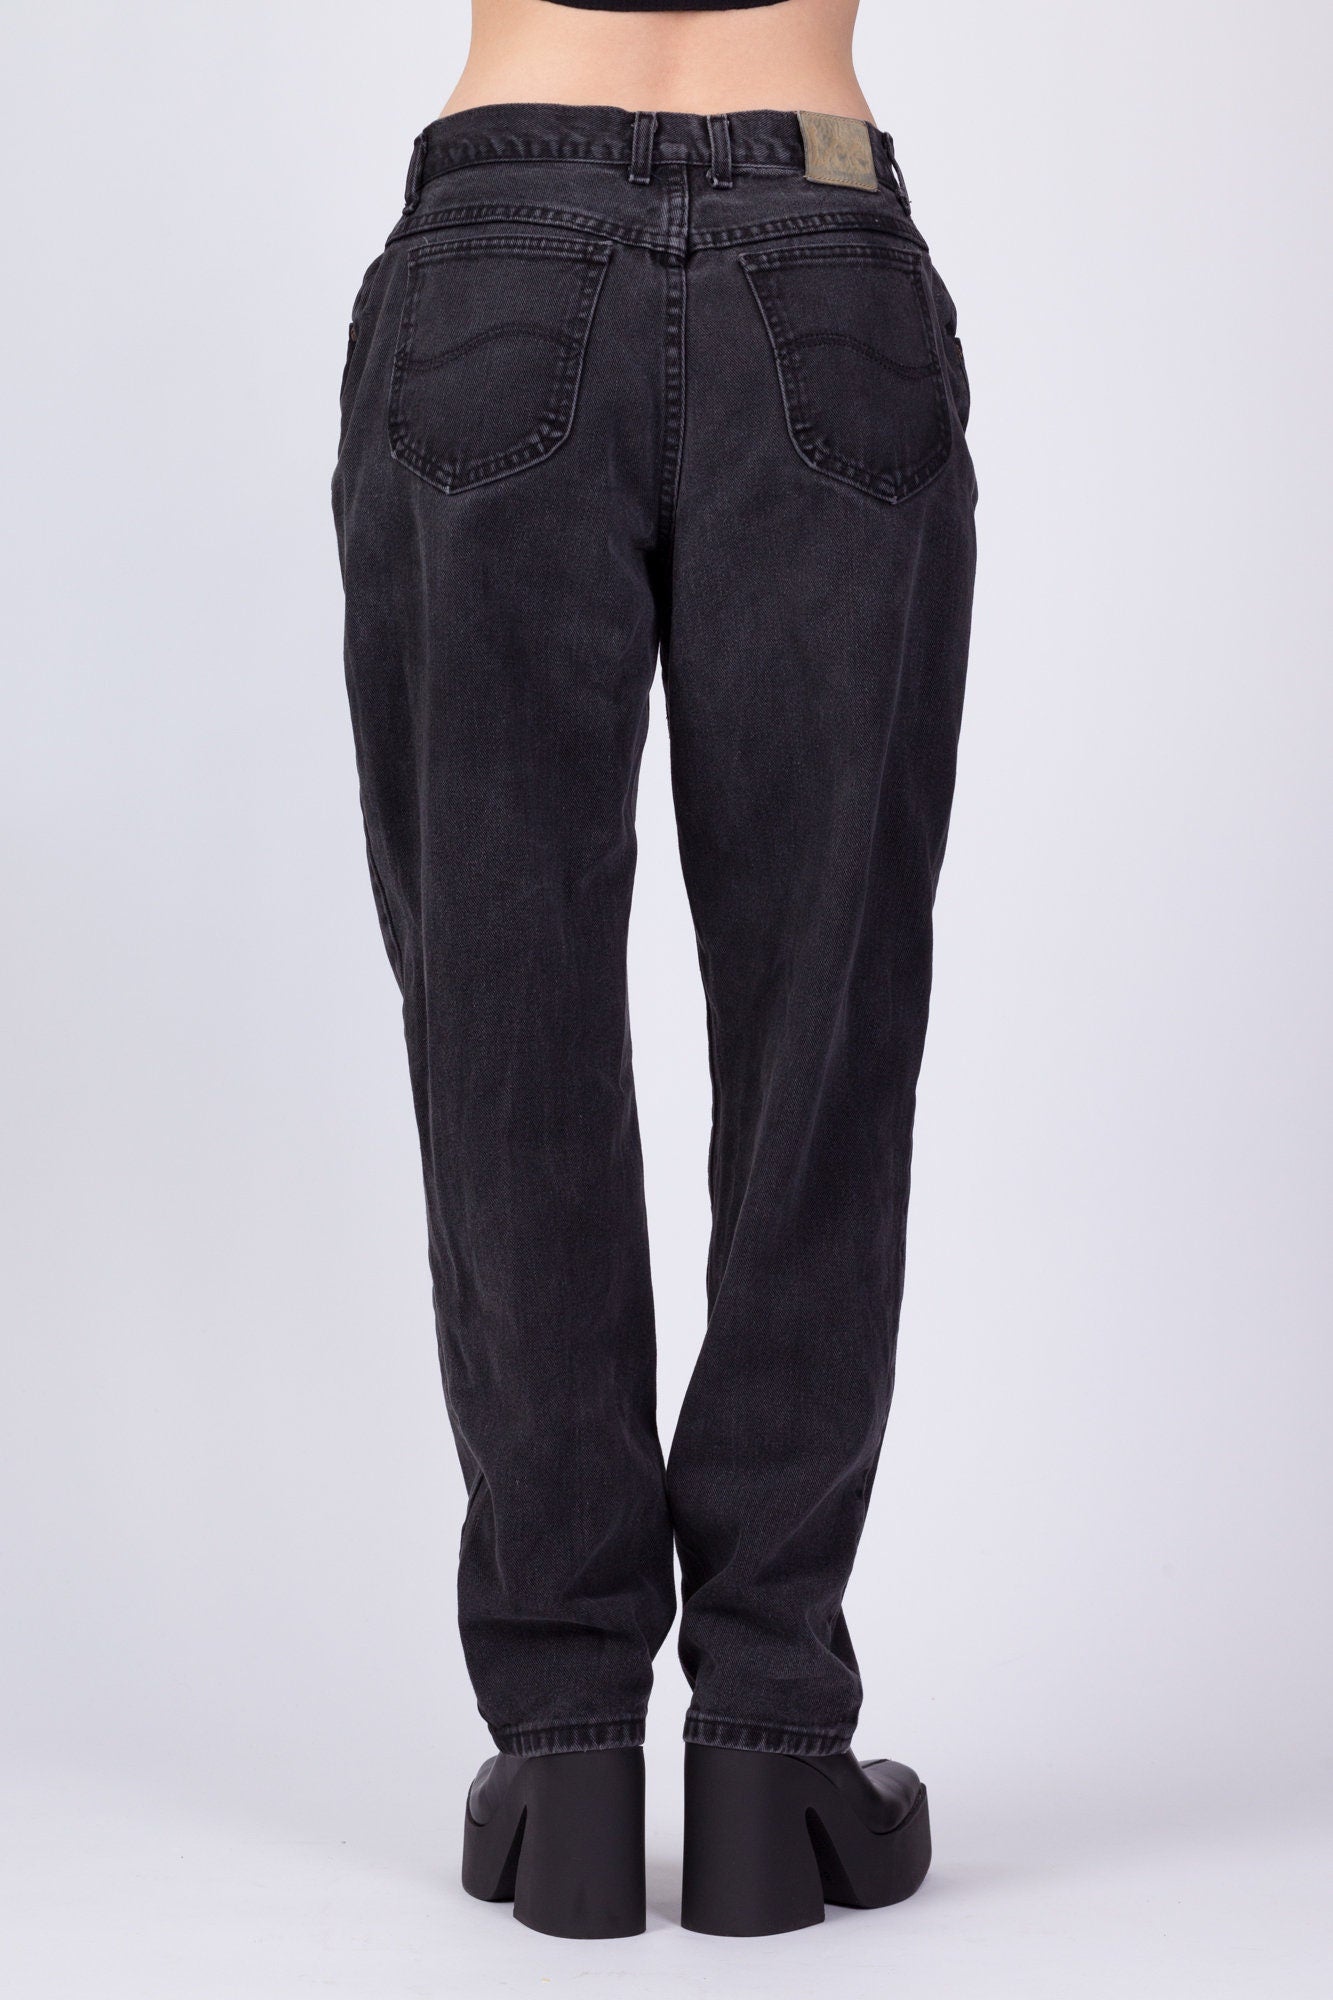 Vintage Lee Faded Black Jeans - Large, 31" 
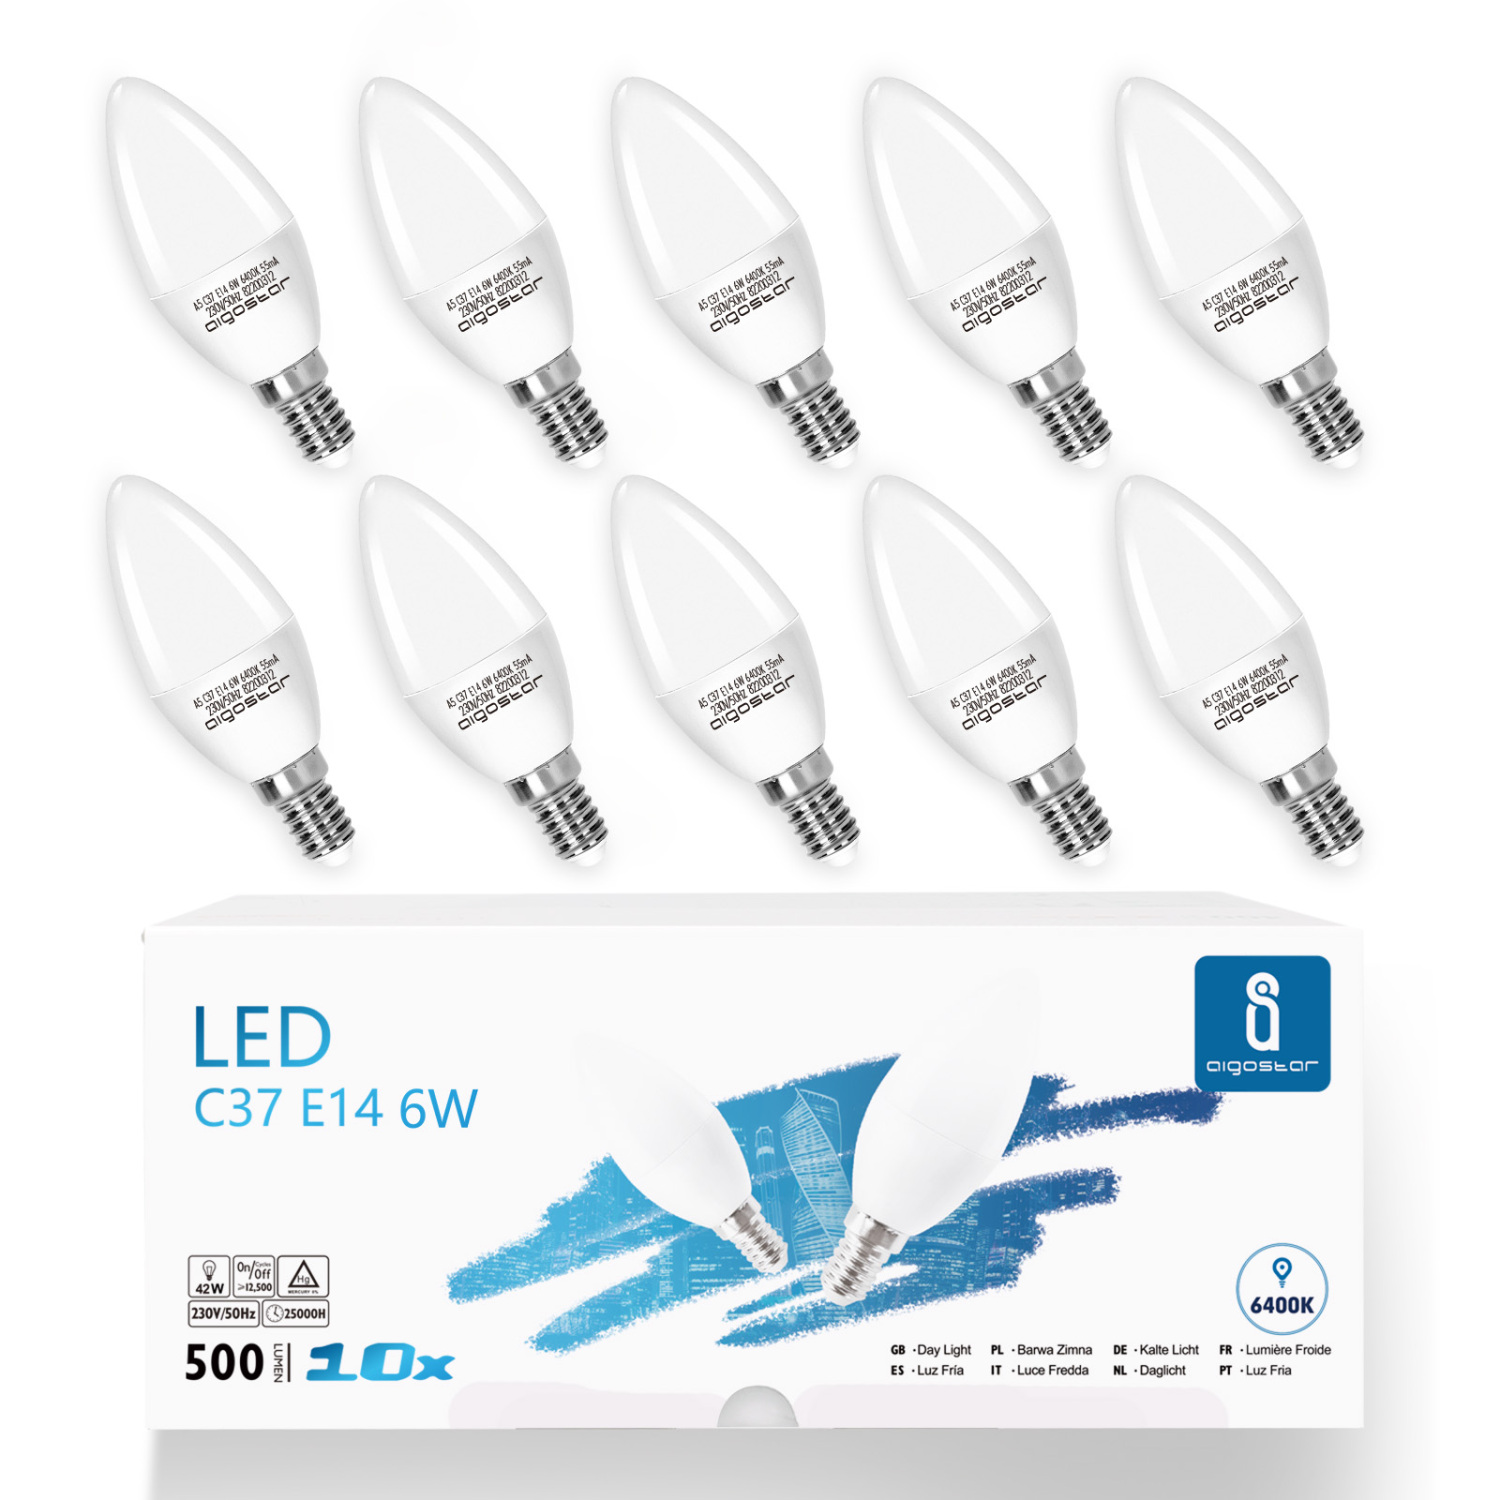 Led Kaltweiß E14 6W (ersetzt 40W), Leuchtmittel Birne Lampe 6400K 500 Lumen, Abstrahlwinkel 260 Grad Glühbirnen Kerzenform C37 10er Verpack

━━━━

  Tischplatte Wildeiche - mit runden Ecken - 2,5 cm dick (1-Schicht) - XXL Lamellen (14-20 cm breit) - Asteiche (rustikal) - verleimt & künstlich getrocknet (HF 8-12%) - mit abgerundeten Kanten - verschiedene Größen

━━━━

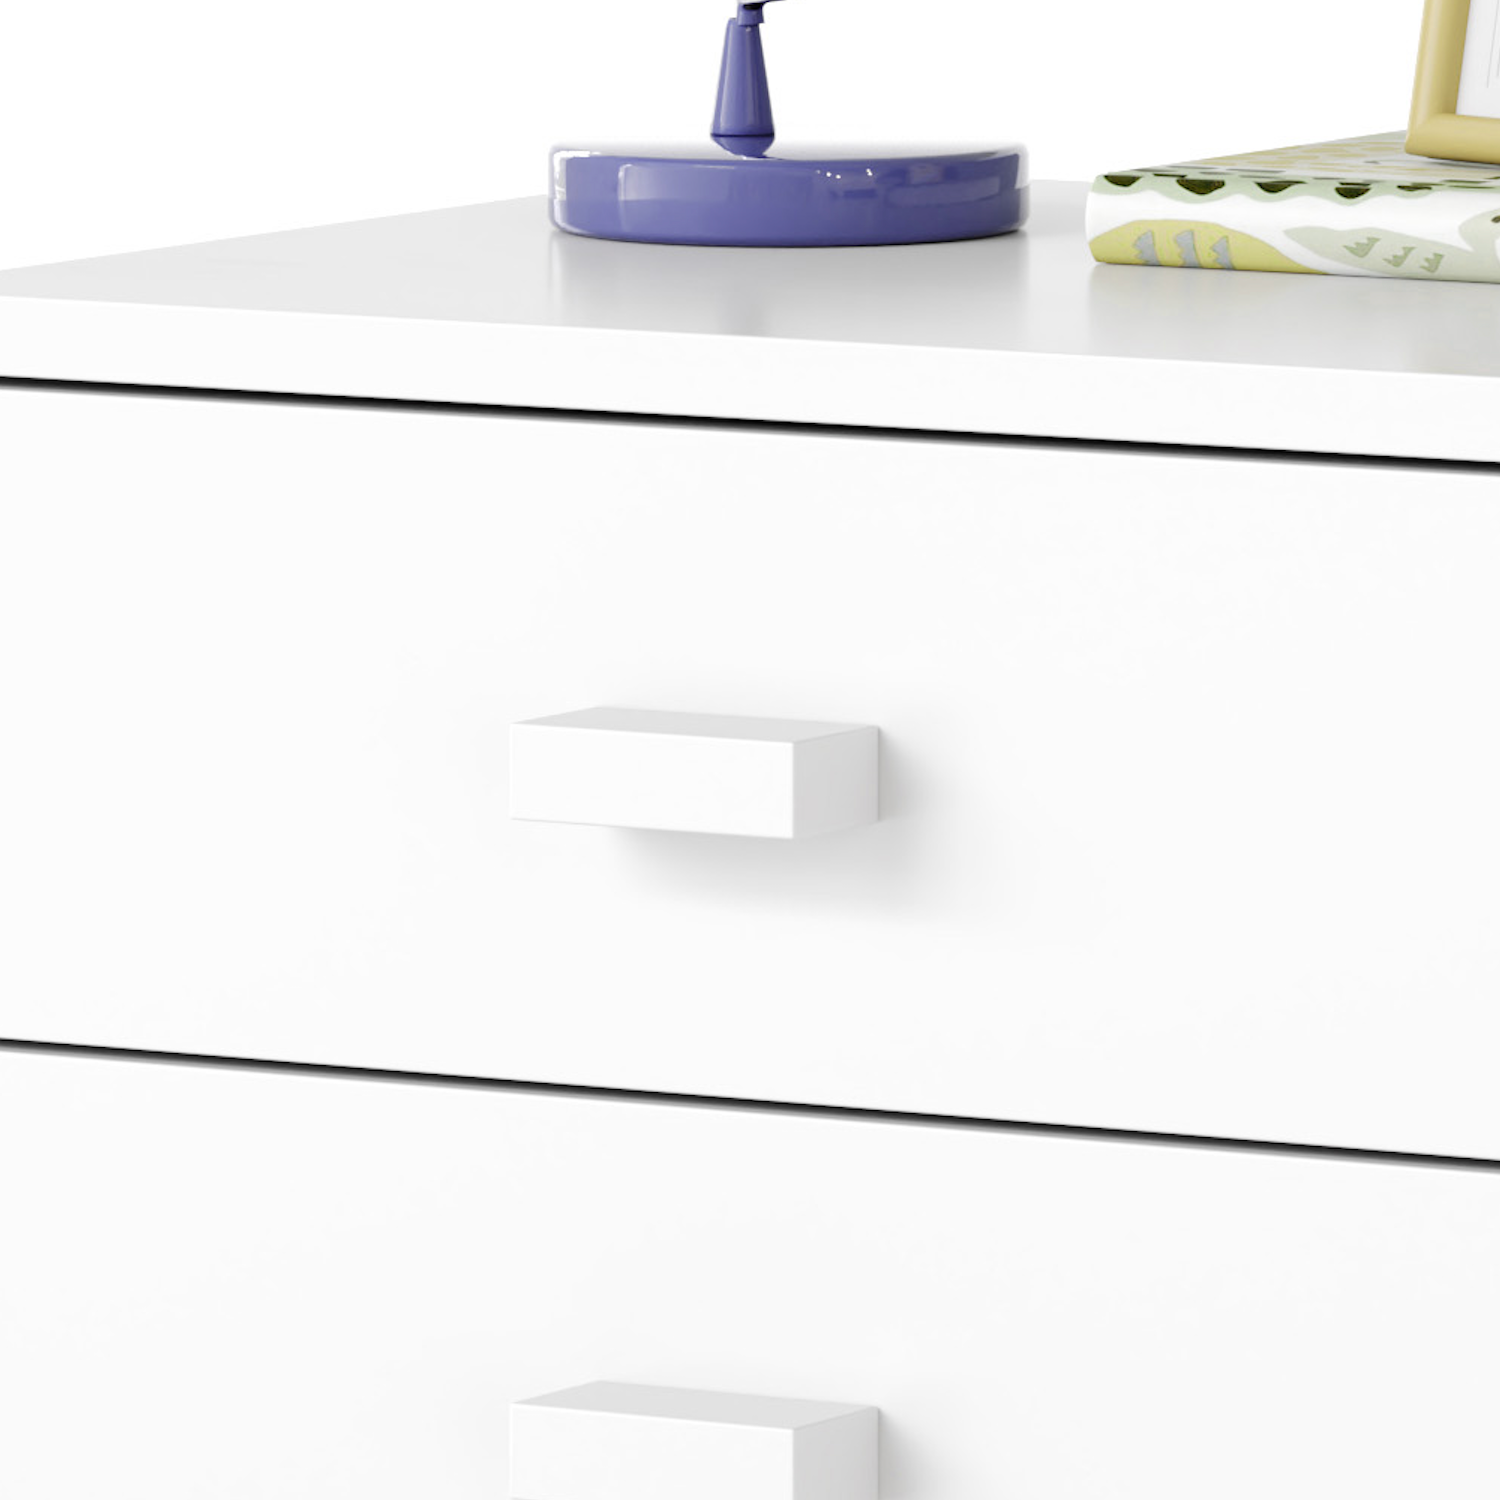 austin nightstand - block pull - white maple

━━━━

» **WHAT THE TASK ASKS**: Pictures do not belong in the answer. Return the lines above starting at the one with "Vintage Lee Faded" and ending at the one with "Led Kaltweiß E14", both kept, exactly.

» **RESPONSE AREA**:
 Vintage Lee Faded Black Jeans - Large, 31" 
 Led Kaltweiß E14 6W (ersetzt 40W), Leuchtmittel Birne Lampe 6400K 500 Lumen, Abstrahlwinkel 260 Grad Glühbirnen Kerzenform C37 10er Verpack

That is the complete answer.